Cognate is not an affiliate of NWBO. They are its manufacture; its clinical vendor. So, I imagine that you would not be forced to sell out of Cognate if it were public because the audit of NWBO is not of Cognate.

Prior to every single consulting job a conflict of interest check request is submitted before the work can begin.. That must be cleared. I doubt a large COI department would have turned down NW Bio work because one of their employees sat on a Board to a competitor of its manufacturing/vendor. That's insane. No one would end up being able to accept any assignment! In fact I'm certain that does not occur. Relationships with Vendors are not considered conflicts. Nor are firm contract with all competitors. Consulting firms work for competitor all the time. (An audit firm will rarely do management consult of the same client; its a conflict (often but not always) to provide advisory consultant to companies of the books you audit.) The COI occurs when consultants over time, as industry experience is obtained by work done on multiple projects, and those projects subject them to COI due to exposure to competitive information. As a firm you first vett the firm, and then you review employee resumes before staffing them on the job(s) - a whole other department for that. And so you to suggest that OP should have turned down the engagement because an employee sat on a Board to a manufacture competitor is not how it works. They would and should have taken the engagement. It was at the staffing point that a "potential" conflict arose.
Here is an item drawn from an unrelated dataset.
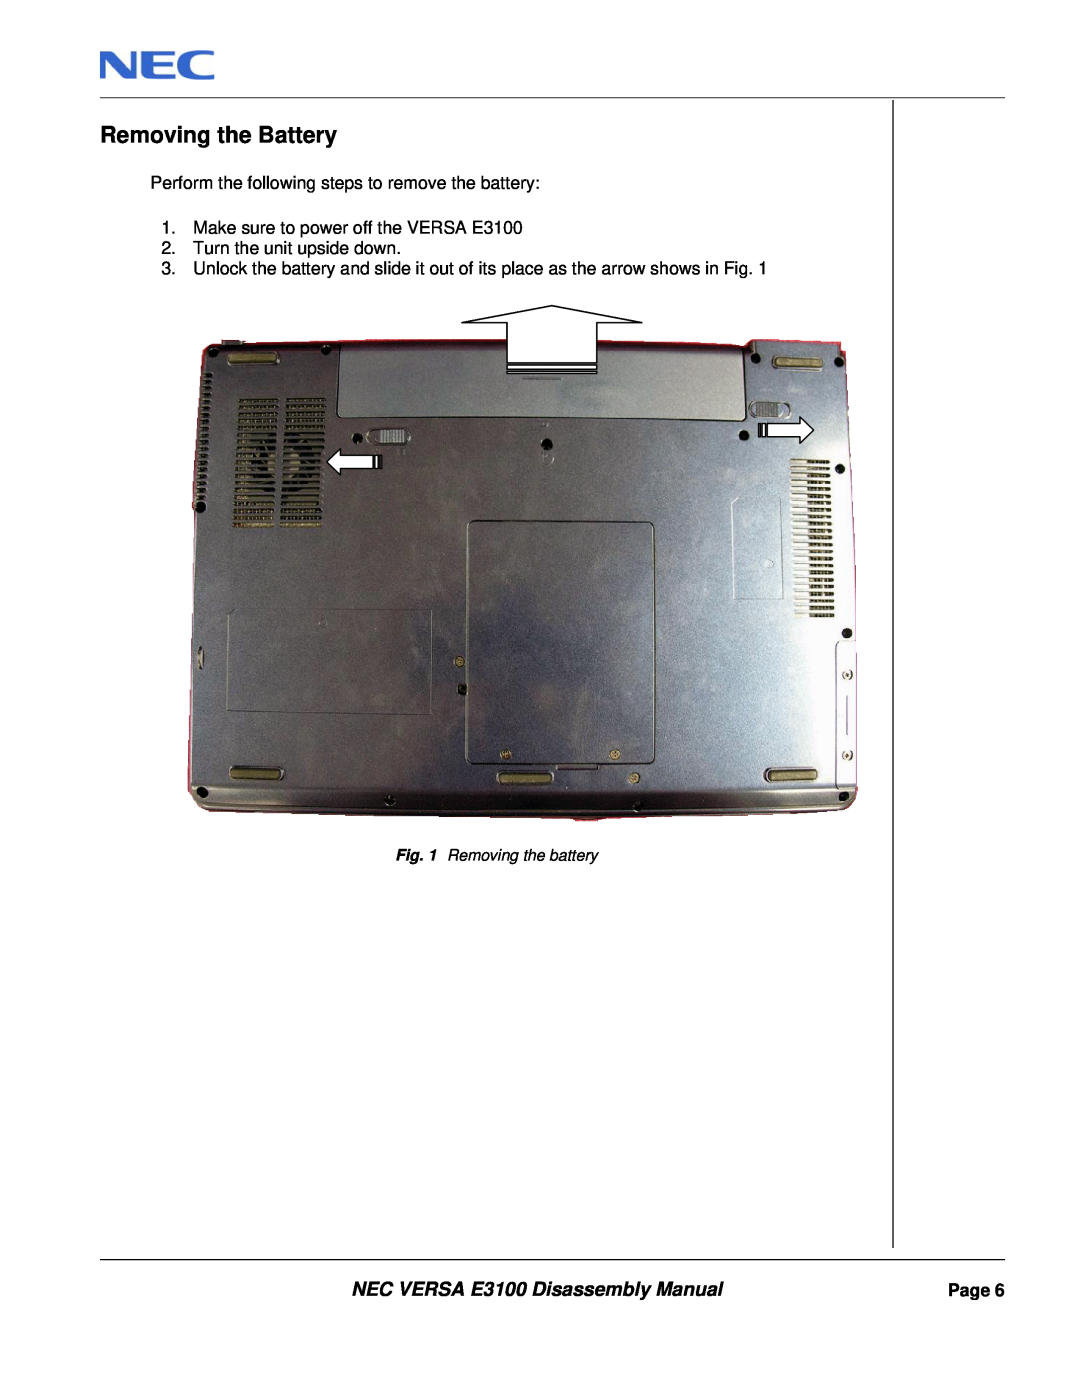 NEC Removing the Battery, NEC VERSA E3100 Disassembly Manual, Perform the following steps to remove the battery, Page

And I doubt it would have been caught unless they were so familiar with all aspects of NWBO. But that would not be the case, as they don't get that information prior to signing the MSA, the SOW, and all the NDAs. If anyone other than KW been on that assignment, there would be no issue. Whatsoever! NDA's were signed. Cognate would not be mentioned in it, but would be protected under it because they were NWBO's vendor. And so they were. OP did the right thing by removing themselves as given the nature of the engagement it would be in poor taste for the firm to continue, because an employee was on a competitive Board that was in litigation. Did you even notice how NWBO poised CP's termination in that press release as "potential" COI. Well that is because technically Cognate it is not an affiliate. The only thing that OP could have done better is research the firm prior to staffing; but I imagine Woodford suggested Wolf completely unaware that she joined a new Board, so staffing may have been determined prior to the MSA.